**PROBLEM:** Repeat the data that follows exactly, starting at the line with "Prince_of_Persia_-_Amiga_-_Ingame__1990_.JPG" and ending at the line with "zertifizierten-Diamantschmuck-kaufen-0226c", and leave out every picture.

**PROVIDED RECORDS:**
◇ ◇ ◇ ◇ ◇ ◇ ◇

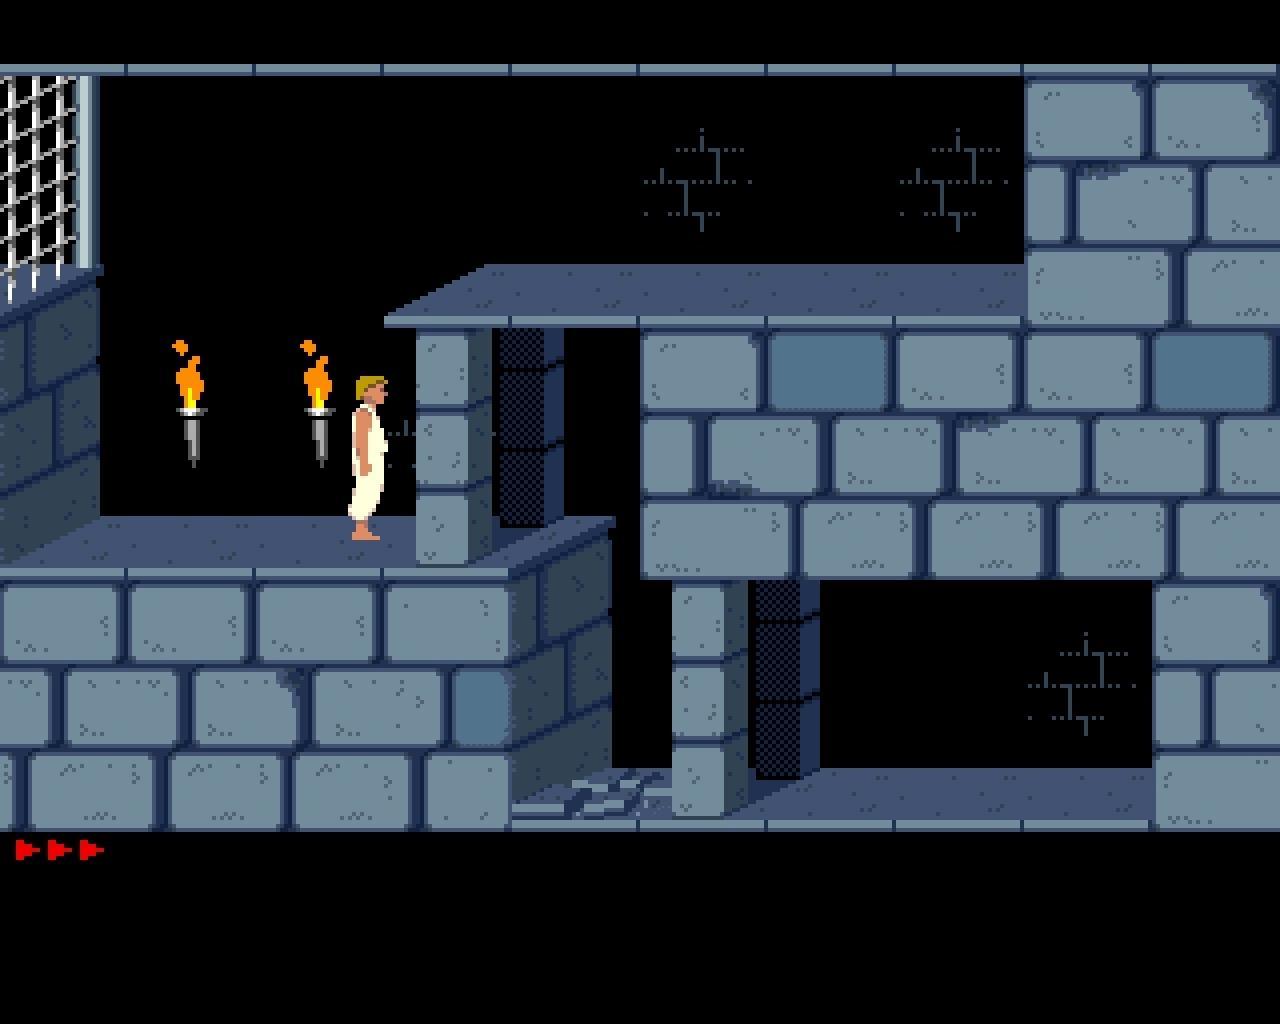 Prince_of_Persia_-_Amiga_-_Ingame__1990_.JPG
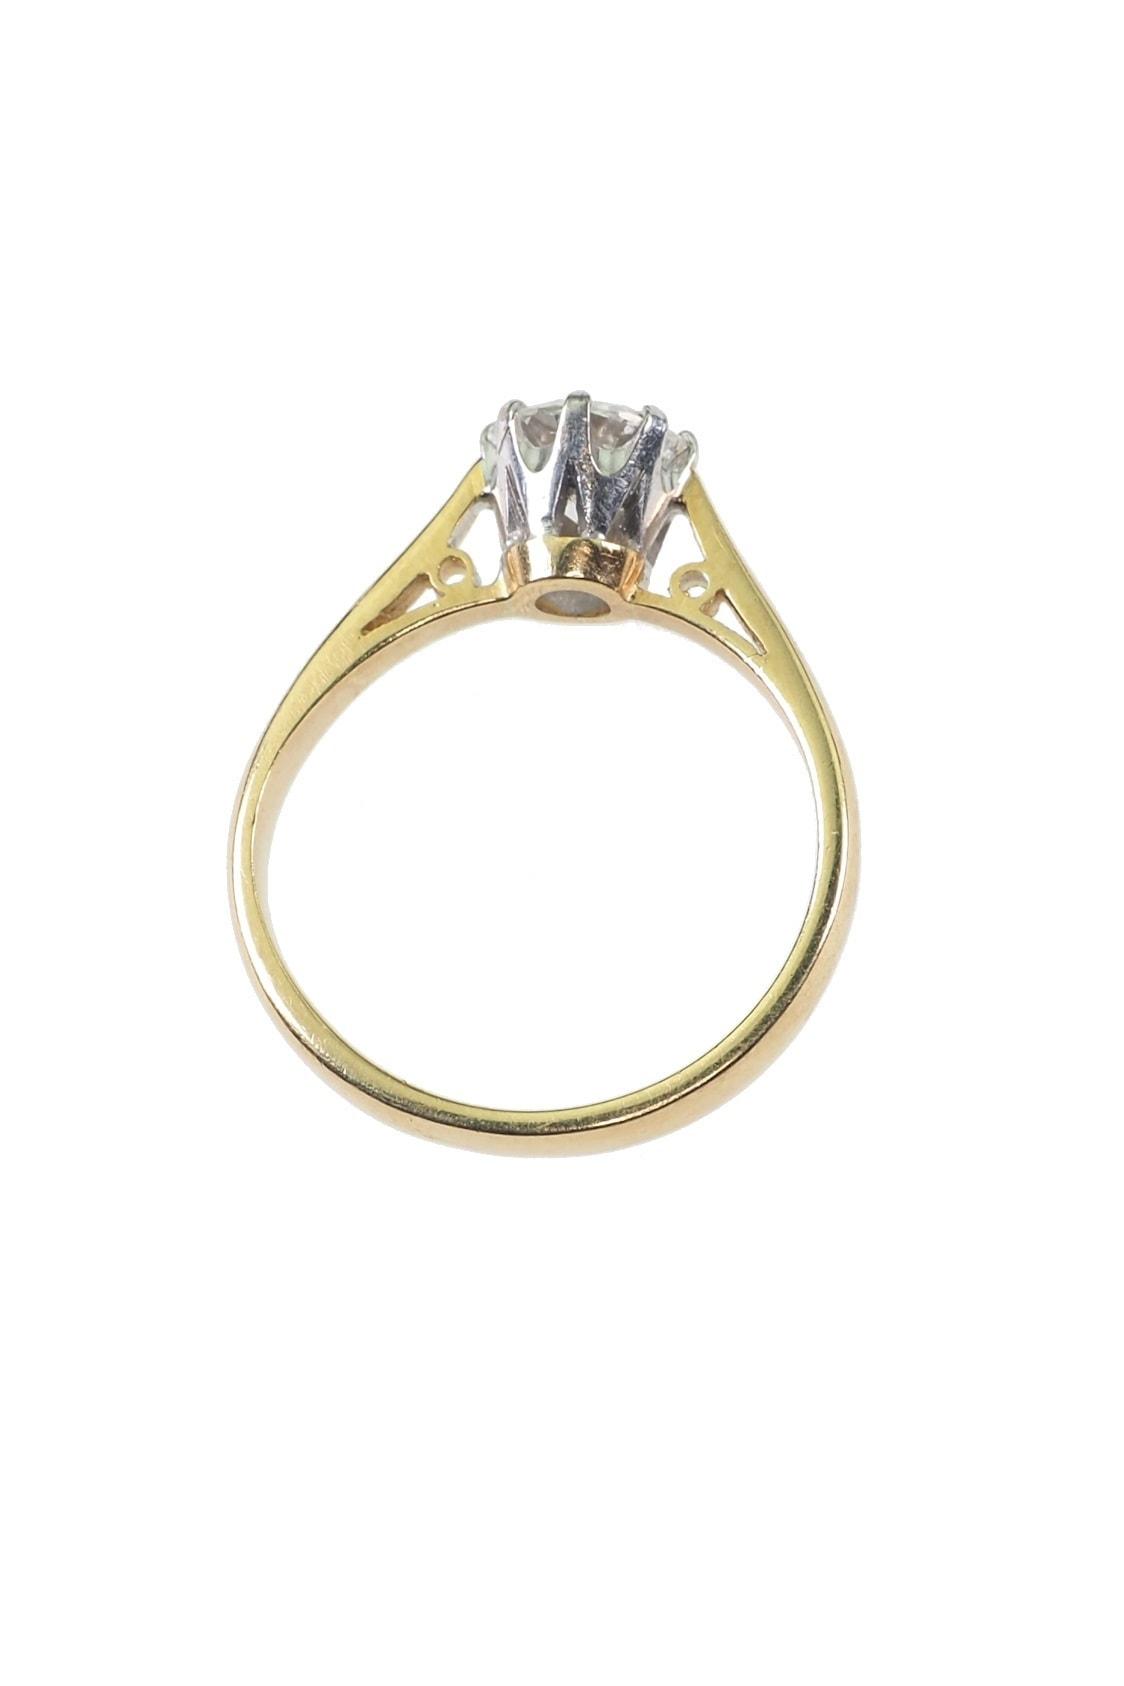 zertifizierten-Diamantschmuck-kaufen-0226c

◇ ◇ ◇ ◇ ◇ ◇ ◇

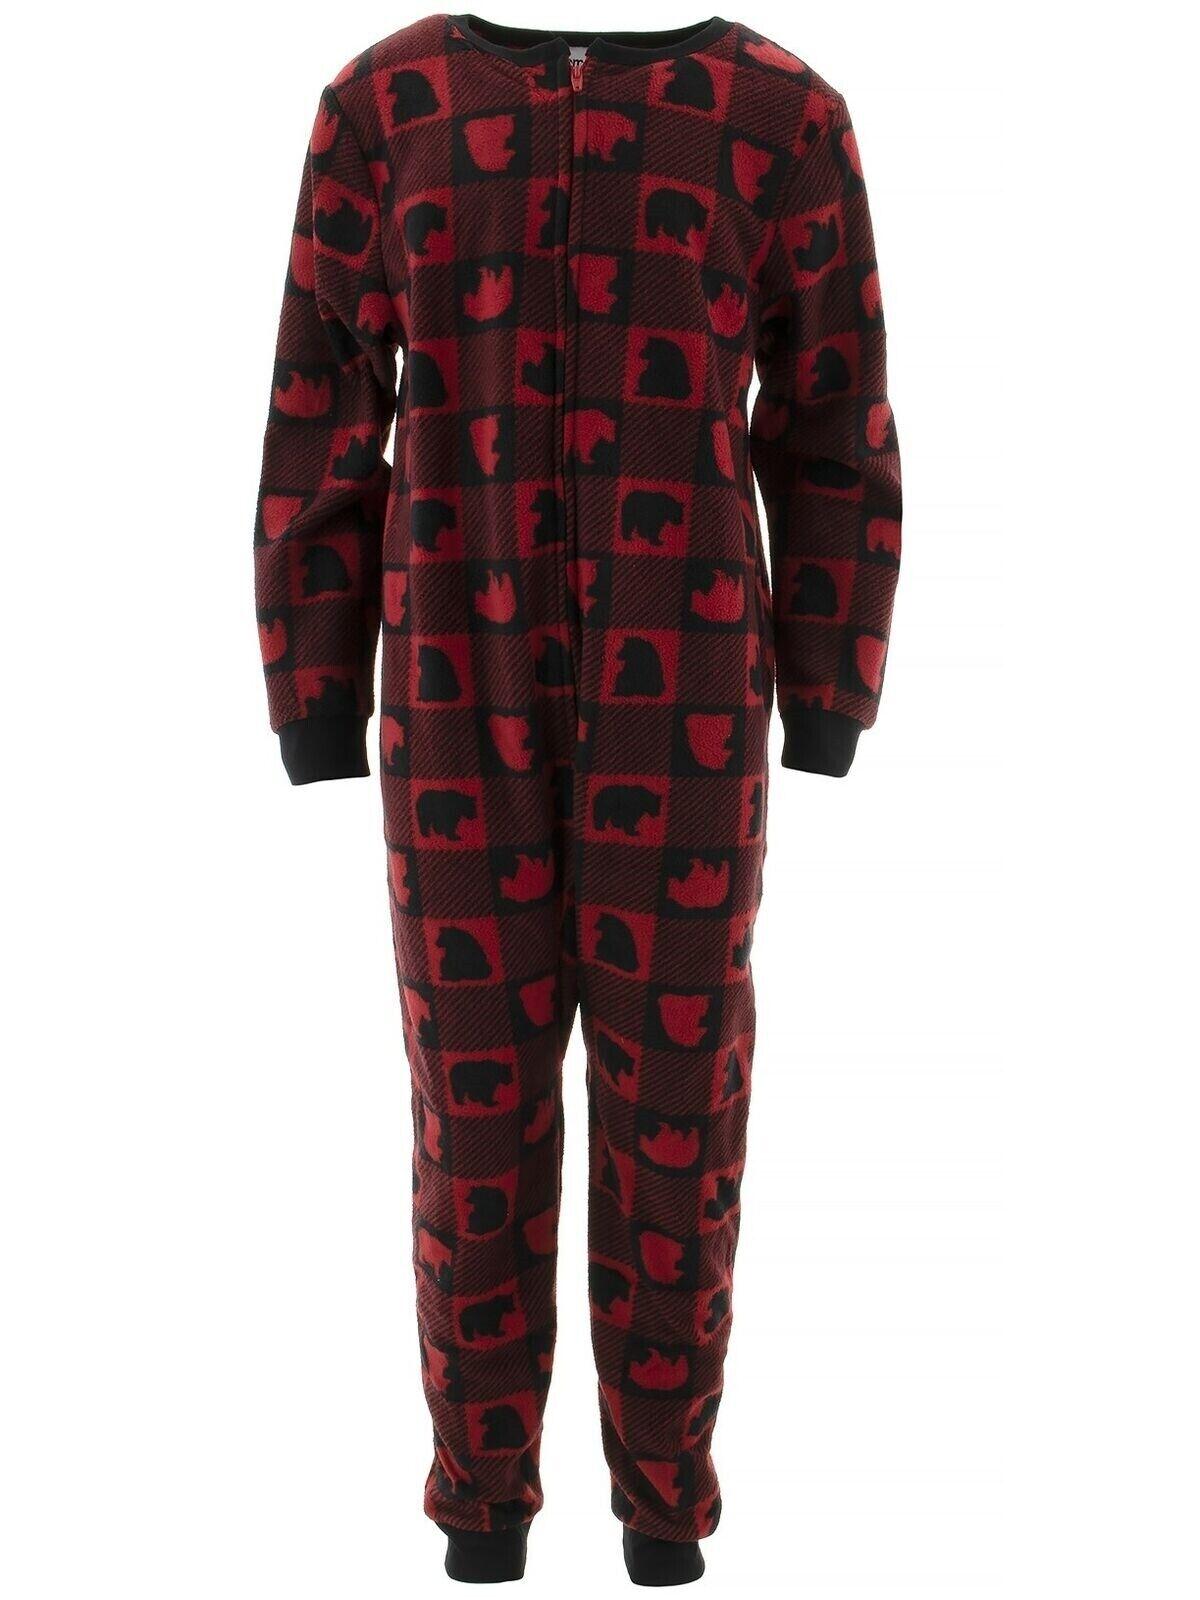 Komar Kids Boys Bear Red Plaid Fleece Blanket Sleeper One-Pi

◇ ◇ ◇ ◇ ◇ ◇ ◇

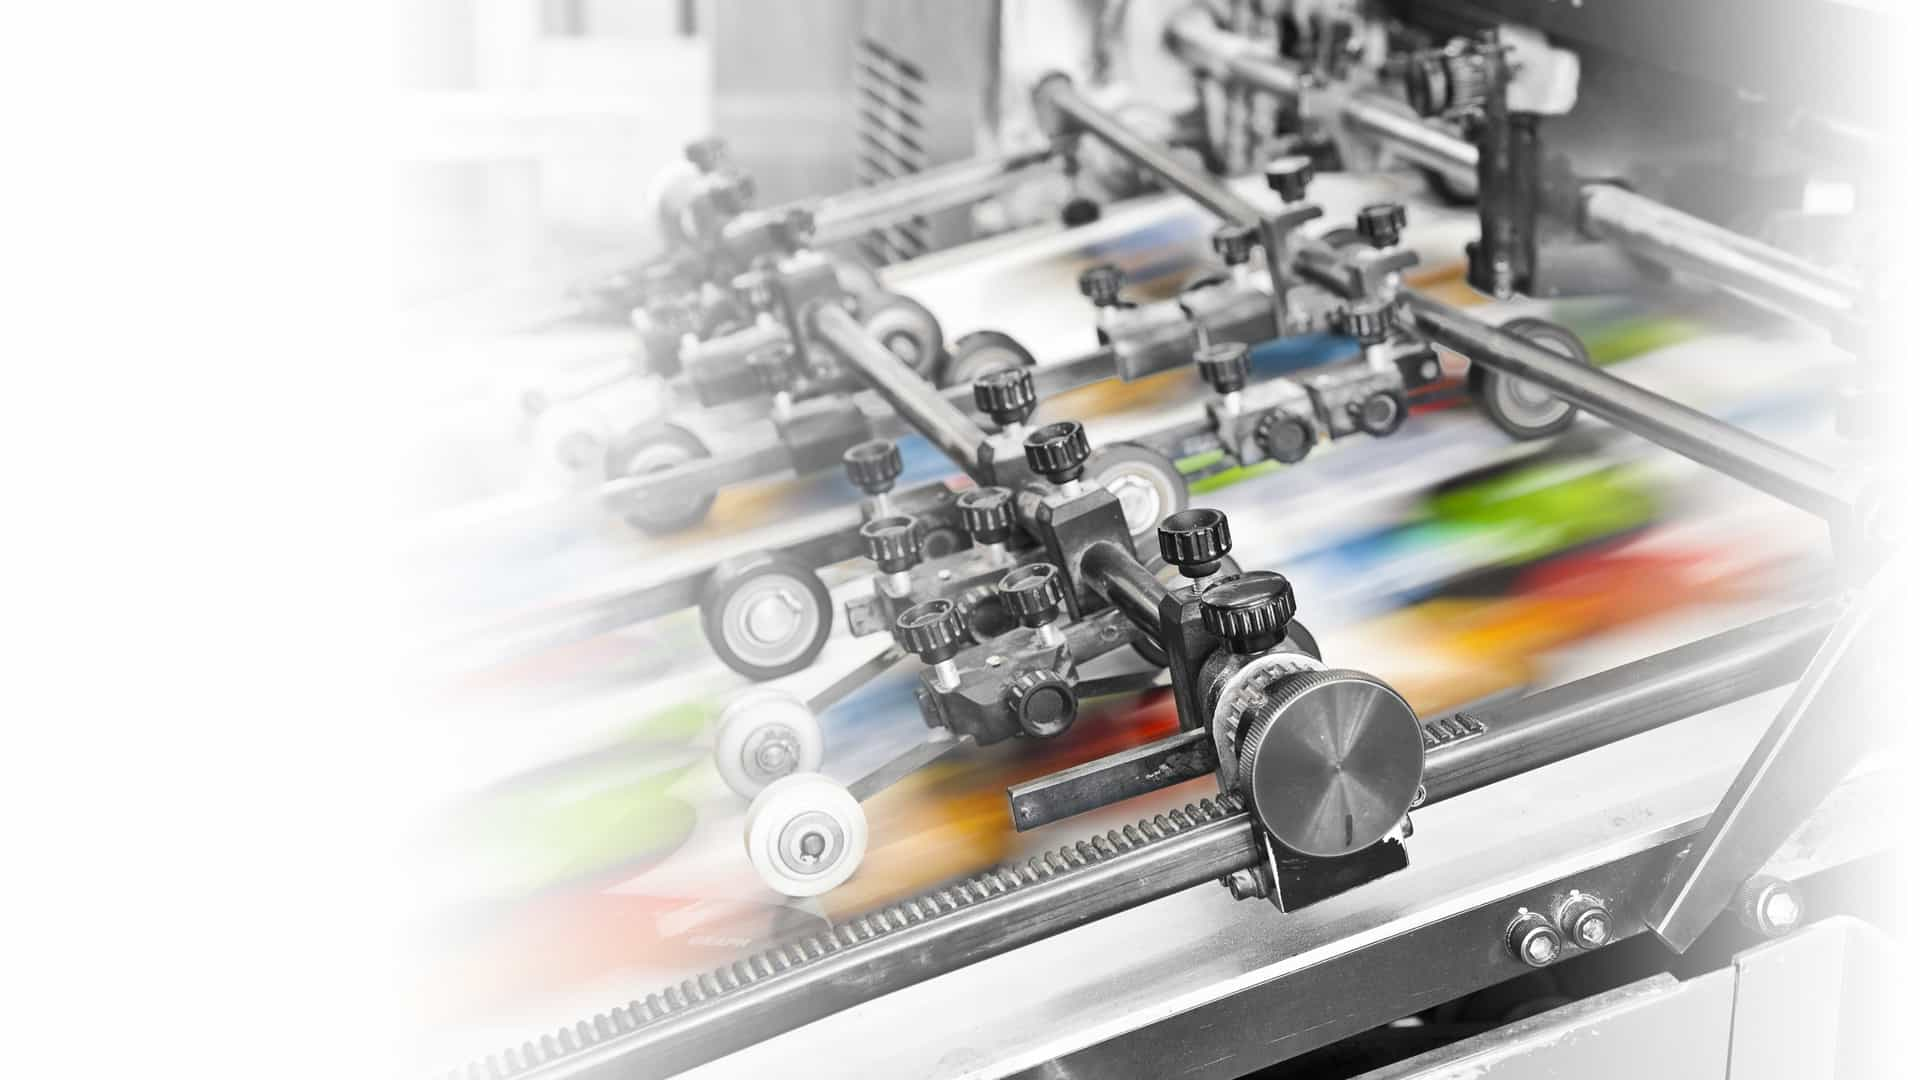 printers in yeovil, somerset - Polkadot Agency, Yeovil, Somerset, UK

◇ ◇ ◇ ◇ ◇ ◇ ◇

**COMPLETED EXERCISE:**
 Prince_of_Persia_-_Amiga_-_Ingame__1990_.JPG
 zertifizierten-Diamantschmuck-kaufen-0226c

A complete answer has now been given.